WHAT IS BEING ASKED
Extract the whole listing as it stands. Do not include the pictures.
------ DATA EXCERPT ------
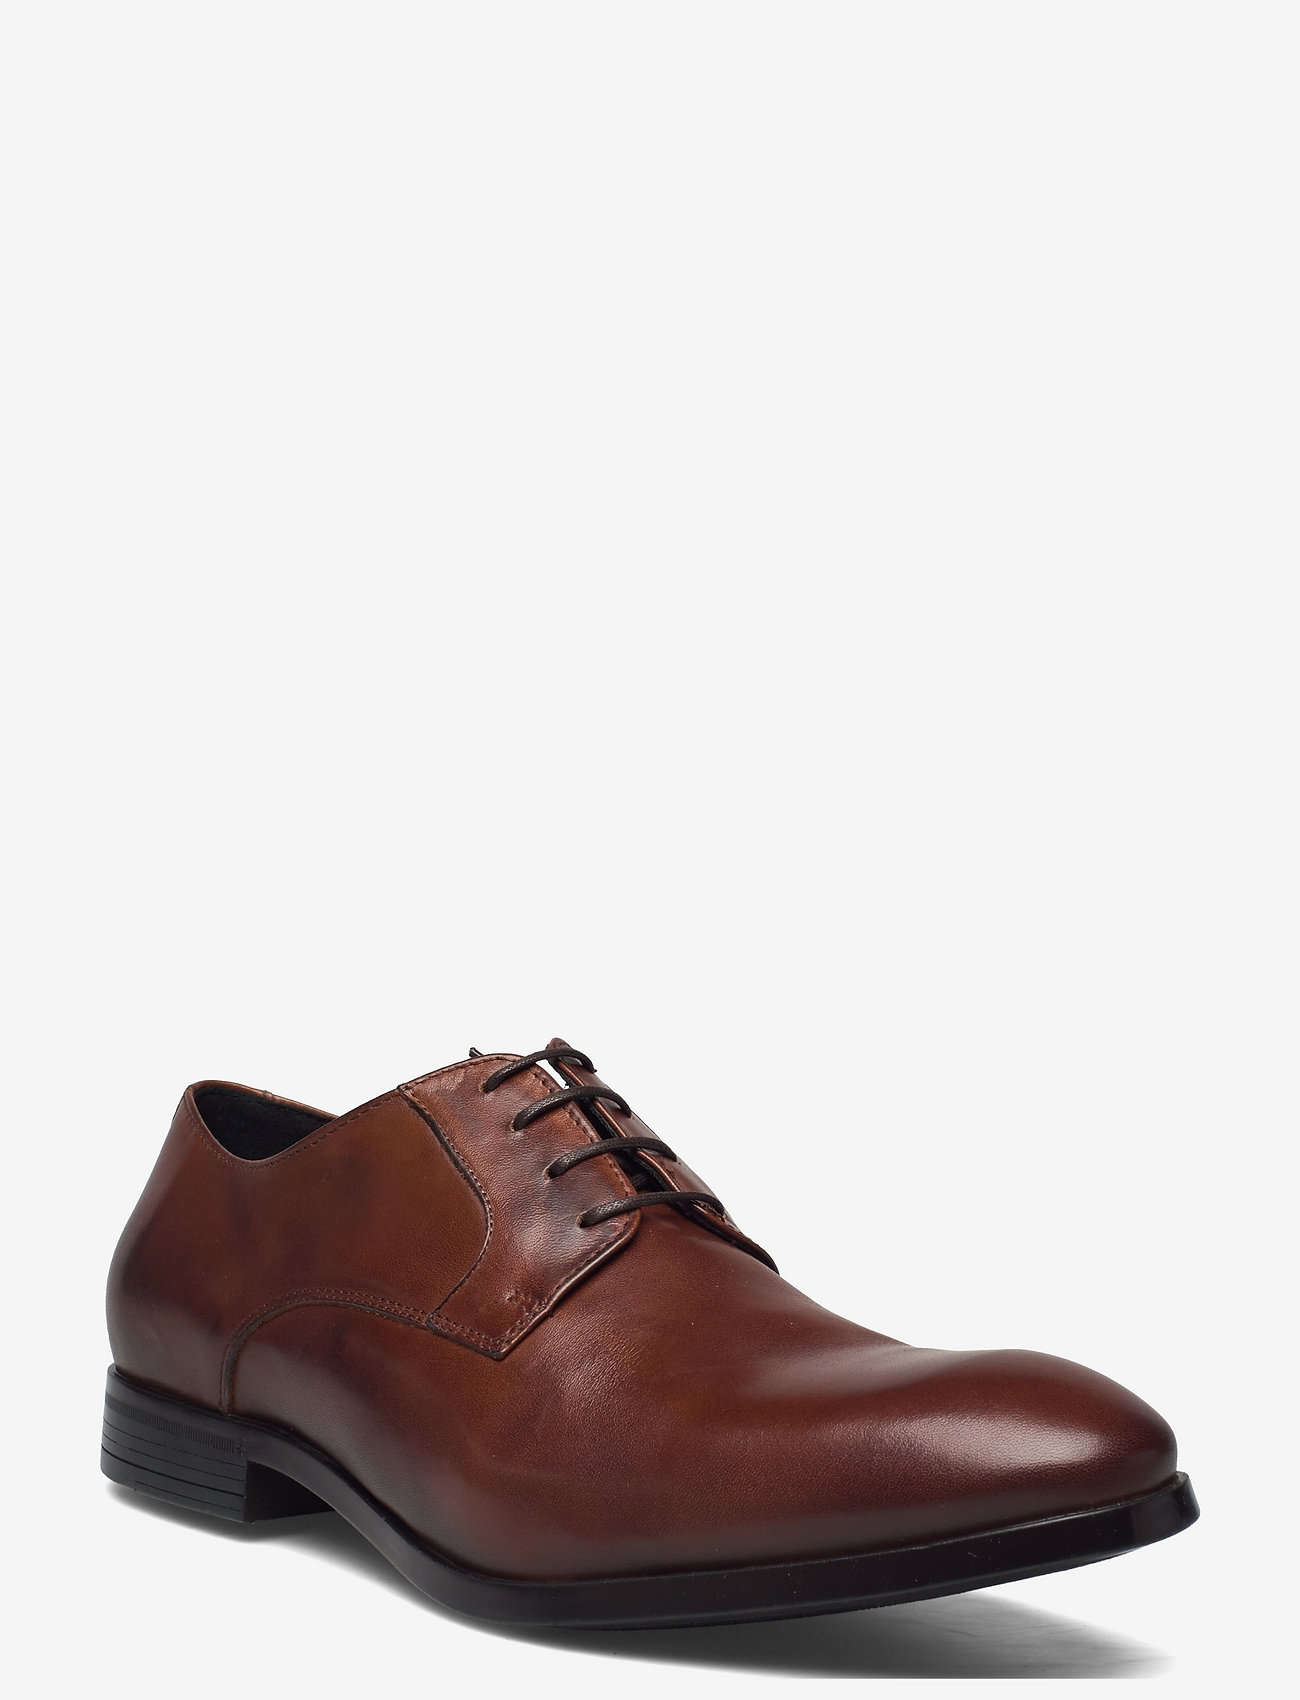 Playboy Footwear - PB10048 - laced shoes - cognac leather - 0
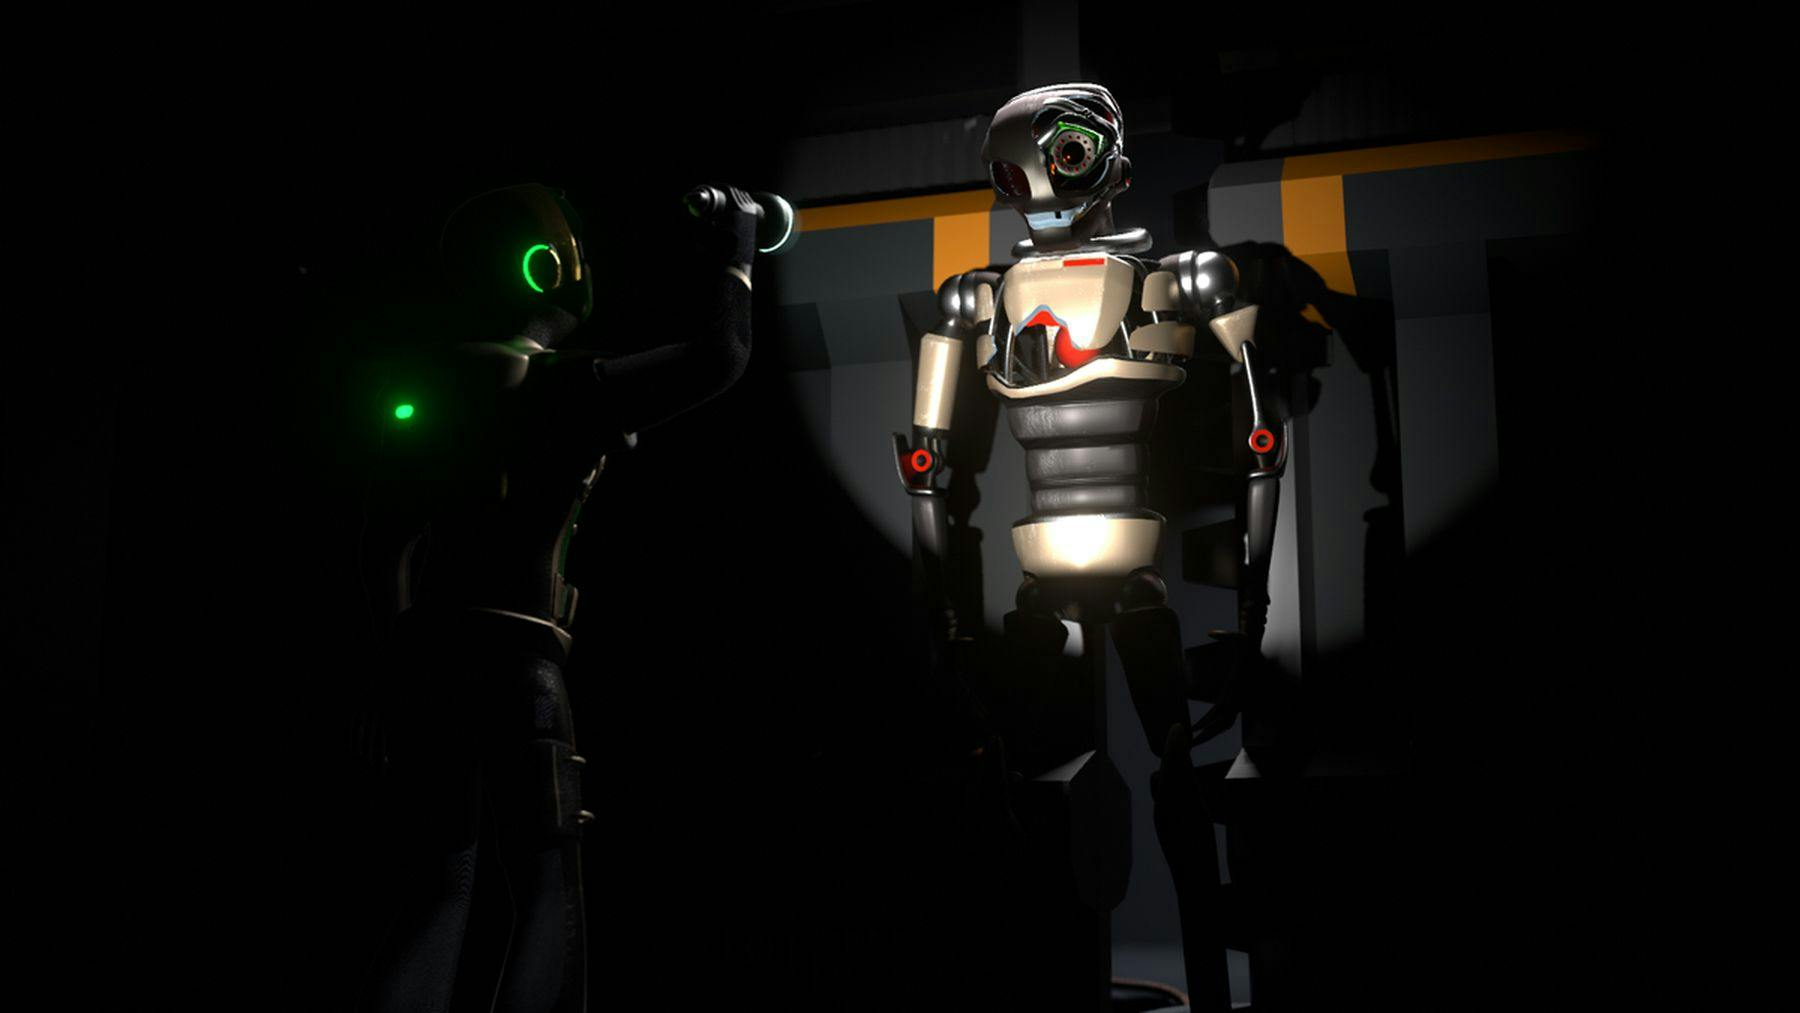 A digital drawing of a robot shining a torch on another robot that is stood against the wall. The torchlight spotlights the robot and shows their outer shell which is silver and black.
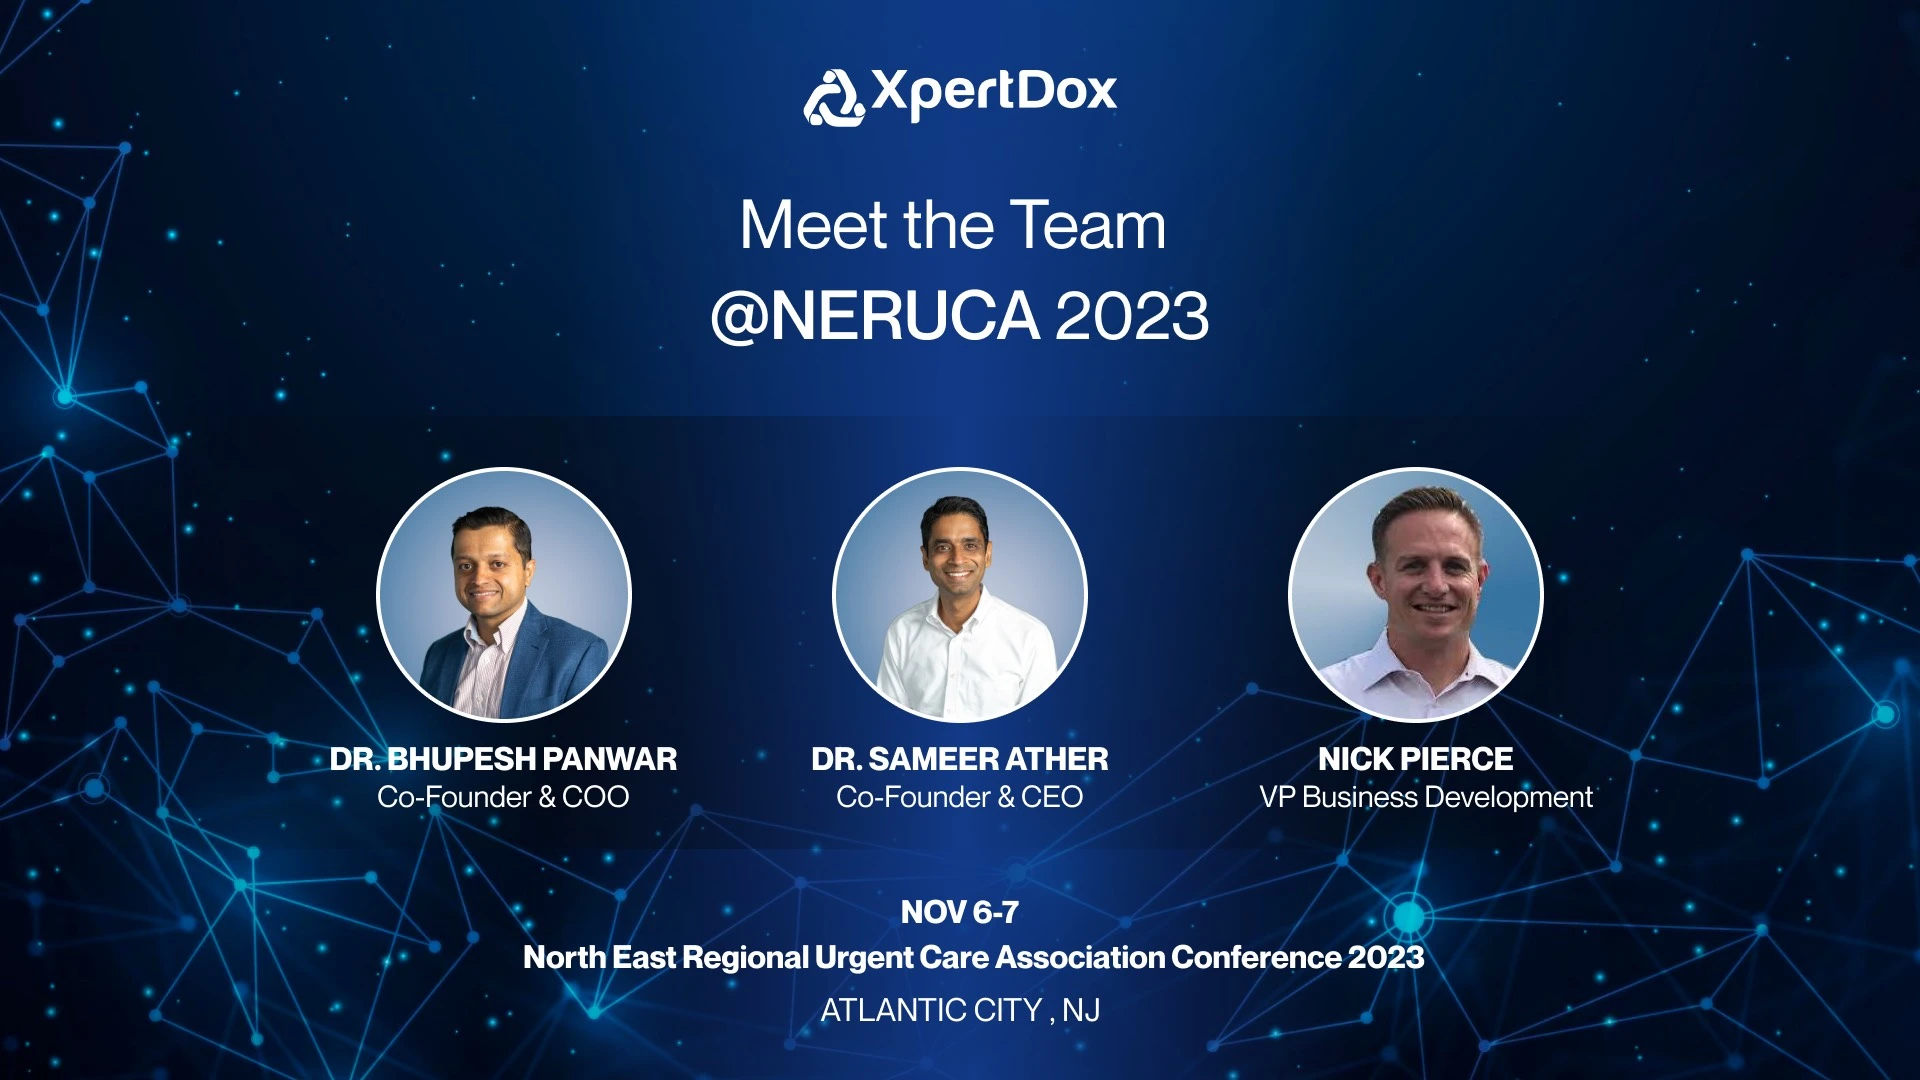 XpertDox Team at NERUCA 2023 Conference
------
REPLY
 Playboy Footwear - PB10048 - laced shoes - cognac leather - 0
 A digital drawing of a robot shining a torch on another robot that is stood against the wall. The torchlight spotlights the robot and shows their outer shell which is silver and black.
 XpertDox Team at NERUCA 2023 Conference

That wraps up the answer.